TNF driving progression

Rossi S, Motta C, Studer V, Barbieri F, Buttari F, Bergami A, Sancesario G, Bernardini S, De Angelis G, Martino G, Furlan R, Centonze D. Tumor necrosis factor is elevated in progressive multiple sclerosis and causes excitotoxic neurodegeneration.Mult Scler. 2013 Jul 25. [Epub ahead of print]


BACKGROUND:Chronic inflammation leads to gray matter damage in progressive multiple sclerosis (MS), but the mechanism linking inflammation and neurodegeneration is unclear.
OBJECTIVE: The objective of this paper is to investigate the synaptic mechanism of inflammatory neurodegeneration in progressive forms of MS.
METHODS: Cytokine and neurofilament-light were determined in cerebrospinal fluid (CSF) of MS patients. In vitro electrophysiology and cell swelling experiments were performed to measure the effects of inflammatory cytokines in the CSF of MS patients on synaptic transmission and neuronal integrity.
RESULTS: Tumor necrosis factor-α (TNF) was higher in CSF of progressive MS subjects, and caused excitotoxic neuronal death in vitro. In murine brain slices incubated in the presence of CSF from progressive MS, in fact, we observed increased spontaneous excitatory postsynaptic currents (sEPSCs) and glutamate-mediated neuronal swelling through a mechanism dependent on enhanced TNF signaling. We also suggested a pathogenic role of B cells in TNF CSF increase, exacerbation of glutamatergic transmission and neuronal damage, since CNS depletion of B cells with intrathecal rituximab caused a dramatic reduction of TNF levels, of TNF-induced sEPSC alterations, and of neurofilament CSF concentrations in a patient with progressive MS.
CONCLUSION: Our results point to TNF as a primary neurotoxic molecule in progressive forms of MS.
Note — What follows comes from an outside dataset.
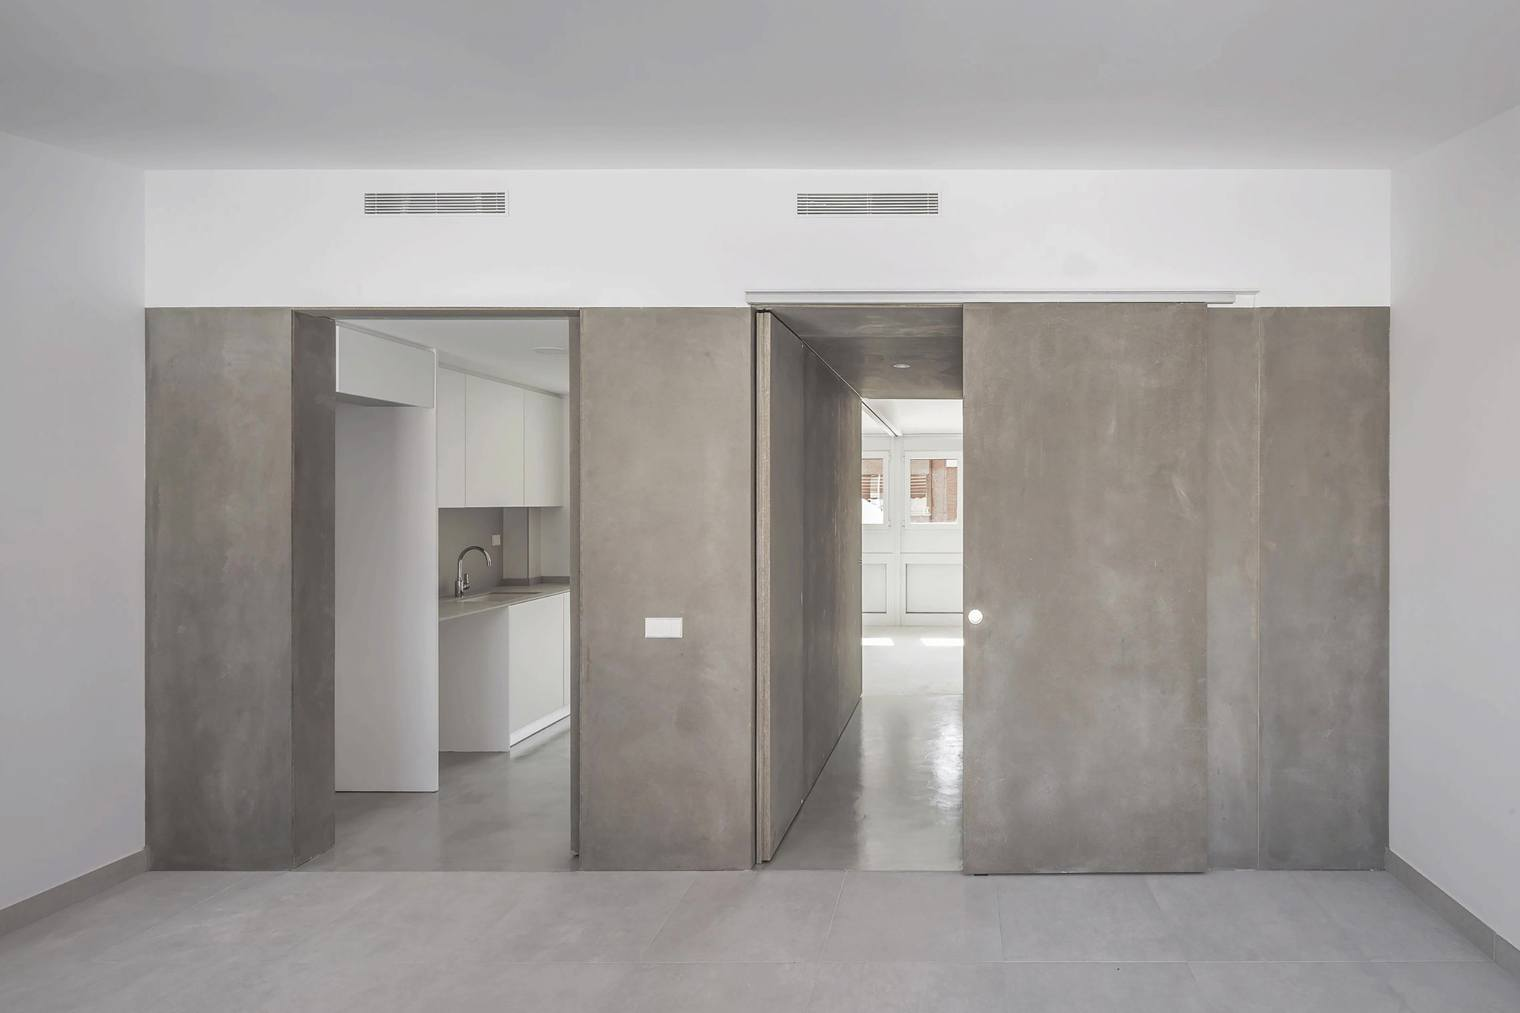 Casa-estudio-torrente-valencia-carrau-carbonell-baviera-llopez-paredes-moviles-abiertas-nucleo-bano-cocina-diariodesign
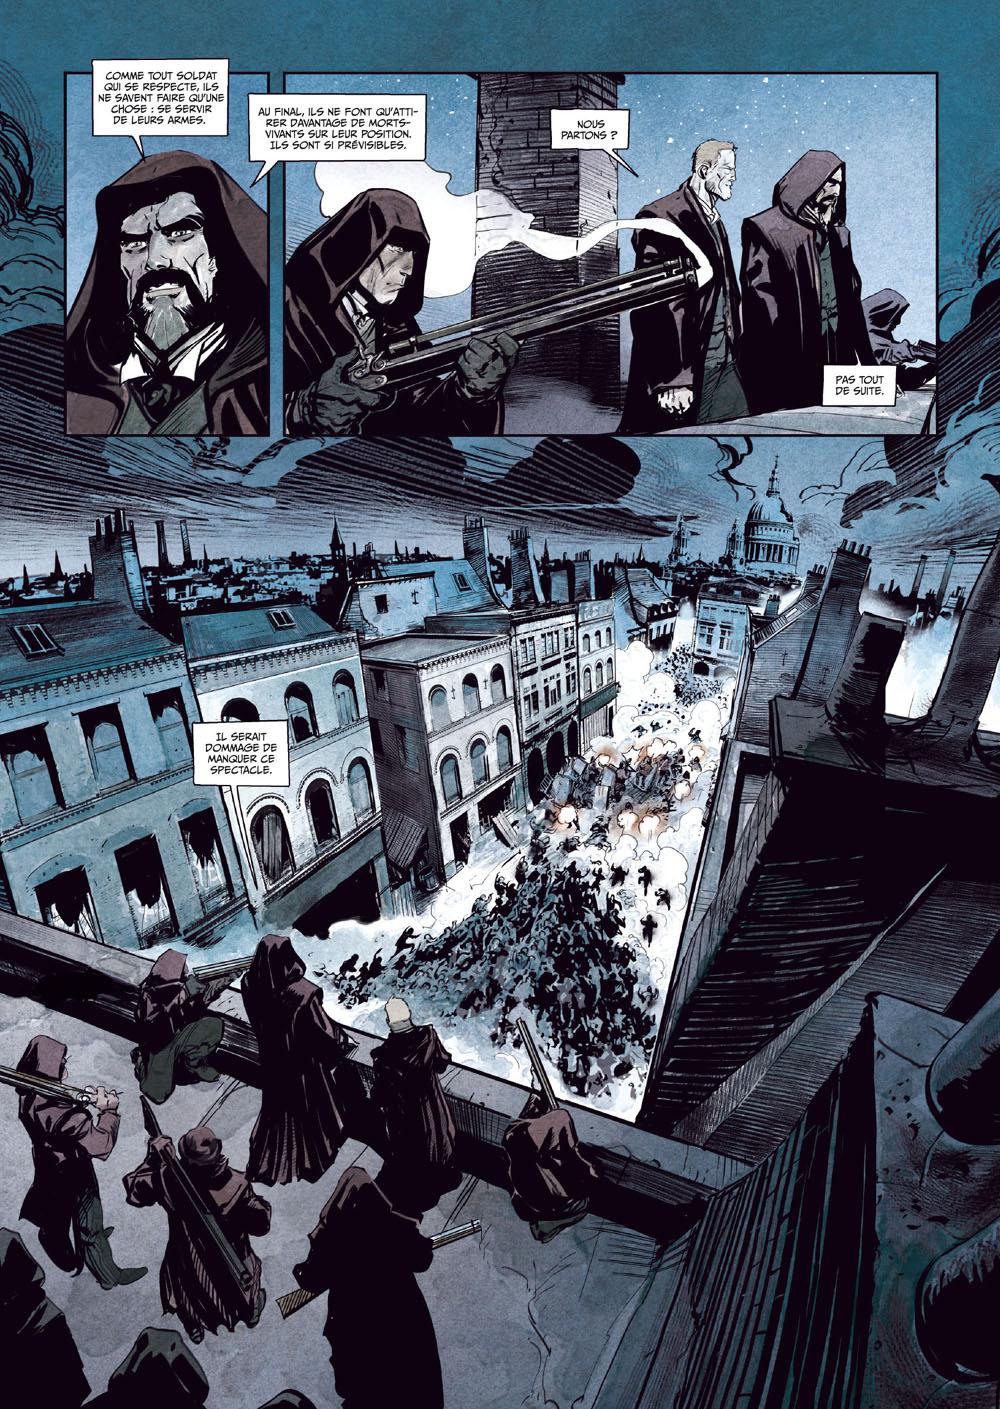 Sherlock Holmes Society, planche du tome 4 © Toulhoat / Cordurié / Gonzalbo

Damn my patent on TNF inhibition in the CNS has long since expired, but targeting TNF has become a no-no because inhibition of TNF has been attributed to disease worsening. 

This study highlights that you need to treat a disease and not just a mechanism. 

The immunologist world view is that everything revolves around inflammation and T, cells and B cells and block this and you solve everything. 

This study confirms what I have long suspected that TNF is involved in neural signalling. When you have a cytokine storm after alemtuzumab administration, your old lesions become reactivated. This suggests to me that demyelinated pathways may be even more vulnerable to this. So when anti-TNF makes MS worse it may not be just because of immune effects but something to do with neural function. 

That anti-TNF does not worsen EAE is used as a stick to beat the animal modellers, but element may have been lacking in the animal studies as the reagents were never administered to animals with demyelination, so people are comparing chalk with cheese. I wonder what would happen if you gave an animal with demyelination anti-TNF.

Would this slow progression as it is implicated that high TNF levels are damaging. Will Ibudilast inhibit this mechanism?